5.2% did not seem attractive for idle cash in 2001, but it certainly has been good in hindsight.

The purchase limit back then was 30K per individual per year.
 
Don’t feel like an idiot at all. You’ve got the bulk of your funds invested in your 401K and IRA.



I don’t think this data was shared even to the end of the thread, which is certainly to the OP’s discretion. However, hard to assess without knowing if the cash balance is 50%, 20%, or 5% of the total portfolio.
 
I don’t think i-Bonds would be a good choice. There is a penalty if you cash them in less than five years after issued.

The penalty for early redemption of iBonds is a loss of the last 3 months of interest. Let's say you buy an iBond yielding 1.6% and redeem after only one year. You will still have earned 1.2%.

The good thing about iBonds is that the rates will go up if inflation goes up.

Fixed annuities are insured by the state but they have big surrender charges if cashed in early.
 
Easy options for income are:
1) Schwab intelligent income portfolio (can choose conservative, moderate, or aggressive)

2) A combination of conservative dividend paying ETF's like PSK & XLU
3) The lottery :)
 
I don’t think this data was shared even to the end of the thread, which is certainly to the OP’s discretion. However, hard to assess without knowing if the cash balance is 50%, 20%, or 5% of the total portfolio.

A lot was implied by his strategy of having enough cash set aside in taxable account to fund several years of expenses until he is 59.5 and could access his 401K. This implies that the 401K is invested for longer term and is also considerably more for a sufficiently funded retirement.
 
Nope

So our situation is: I may FIRE anytime between now and the next year or so :cool:
DW and I are 50 and 54. And we are holding 5x of expense in short term CD earning less than half a percent interest (120K*5=600K). Our plan is, once I fire, to live off of this $ until I turn 59.5 and have access to our 401K and IRA. My work plan 401K does not play with the 55 rule :( We plan to do some Roth conversion during the 5 years (but that will cost some more cash to pay for conversion taxes). I don't think I have much option, but would like to ask anyway in case there is some better way than holding cash for folks in our situation. I have started reading about I bond, and that may help, but there are limits on how much we can buy. Thanks for sharing your thought.
Don’t do it, medical and dental insurance and health care will kill you unless you both are on Medicare. Cash is good. It is the number one retirement asset.
What is FIRE?
 
Let's say you buy an iBond yielding 1.6% and redeem after only one year. You will still have earned 1.2%.

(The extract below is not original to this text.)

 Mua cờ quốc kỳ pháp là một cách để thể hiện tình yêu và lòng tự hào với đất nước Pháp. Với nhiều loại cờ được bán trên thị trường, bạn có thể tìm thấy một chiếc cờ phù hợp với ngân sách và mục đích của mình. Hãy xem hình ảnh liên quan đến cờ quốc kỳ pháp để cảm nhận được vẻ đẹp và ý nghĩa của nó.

The rate changes every 6 months. After a year, you will have earned 0.8% (ther first 6 months at 1.6%) plus three months at whatever the rate changed to after 6 months (assuming you sell after 12 months and forfeit the last 3 months of interest).
 
Don't feel like an idiot. We went 100% cash in all accounts since the beginning of April so now have roughly $1.5 M in cash. My wife Day Trades with some on her brokerage account but is back to going to cash daily by close of the market.

We are doing this because we believe the market is in a huge bubble and an impending collapse might be coming. I am hoping not but after serving in the US military 40 years I am a pessimist about the US government doing anything smart.

[Mod edit]

We do not use our funds at all living 100% on pensions. So, I am unsure why we keep building this but you never know what the future holds. With no travel anymore our expenses are a fraction of normal.